# I have been a midwife today



## Jem29 (Dec 28, 2008)

I am a nurse so playing midwife was fun today

It was abit of a shock, I went to feed my 4 rabbits today to find 2 dead babies in the bedroom. Hubby cleaned it up but then found one alive hidden in the hay. Then we noticed one hanging out of our rabbit, which we helped her remove as she could not do it and it was stillborn, is it likely the other 2 were aswell?

Lilly the mother is only around 18 weeks old, we have 3 girls and 1 boy, we had our boy snipped 3 weeks ago, we were told he could not be done until 4 months, as before this the vet said was dangerous, he reassured us it was unlikely he would get any of the females pregnant before this time, little did he know

I rung the vet as I had no idea what I was doing, he said to section off the other 3 in the lower part of the hutch and put Lilly and her baby together, as Lilly was not going near the baby and it was alone in the bedroom. Now we have done that and the other 3 cannot get near her they seem to be bonding fine. Lilly seems well in herself and is eating and resting with her baby at the side of her. 

My rabbits are Netherland dwarfs, the baby is about the side of a sausage in length and thickness, is this about right?

Is it likley Dinky (the father) has got the other 2 females pregnant? Poppy looks on the large size lately, she was teeny not long ago, the vet said it is hard to tell.

I am praying this little one survives.

Any advice appreciated


----------



## Matrix/Logan (May 7, 2009)

Unfortunately the answer is yes! it is very likely he has got the others pregnant too! Just keep an eye on them, they build nests within hours of giving birth which normally happens overnight so you may not witness any signs until you have babies!

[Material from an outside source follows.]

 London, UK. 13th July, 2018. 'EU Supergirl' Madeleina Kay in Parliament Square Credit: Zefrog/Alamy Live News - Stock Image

I would be very suprised if the baby makes it as the mum is so young, usually immature bunnies don't make good mummies!  Also you probably won't see the mum with the baby as they only feed at dawn and dusk and leave the baby the rest of the time tucked up in the nest. This is a natural instinct in bunnies to help prevent predators finding the babies! So don't be expecting to see mum sitting with the babies as a cat or dog would do! 

Hope the baby survives and your other buns are ok!


----------



## Jem29 (Dec 28, 2008)

Here is Lilly, taken a few weeks ago, she has grown quite abit since this, though she is still our little girl


----------



## Jem29 (Dec 28, 2008)

I really hope this little one survives, I know it is unlikely to survive but the vet said as they are just in a room together the baby might be ok as Lilly will probably bond well.

I feel so bad this has happened to Lilly at such a young age but hubby has said we took the vets advice and waited until 4 months to have the snip done so we cannot feel bad about this.

Not a nice day really, and I am so worried about this newborn.

Thank you for replying.


----------



## frags (Feb 5, 2009)

awwww sorry you lost some of the babies, it maybe the baby wont make it due to mums age and traumatic birth with the baby getting stuck it could have frightened her from the babies, just leave the kit in and dont touch it and let nature take its course, its all you can do as hand rearing isnt great at all.
it is likely the other girls are preg too so just keep an eye on them. is mum seperated from the other girls?
time will only tell huni, good luck x


----------



## Jem29 (Dec 28, 2008)

HI,

Thank you for your reply.

Yes Lilly is on her own now with the baby and the other 2 females are downstairs with the male.


----------



## frags (Feb 5, 2009)

im pretty sure he can still inpregnate a doe upto 6 weeks after the snip but im not 100% sure


----------



## Jem29 (Dec 28, 2008)

Oh dear


----------



## Jem29 (Dec 28, 2008)

We just brought in Lilly & her baby and put them in a small cat carrier, the baby was freezing to touch and I read it is best to bring them in as it gives them a better chance.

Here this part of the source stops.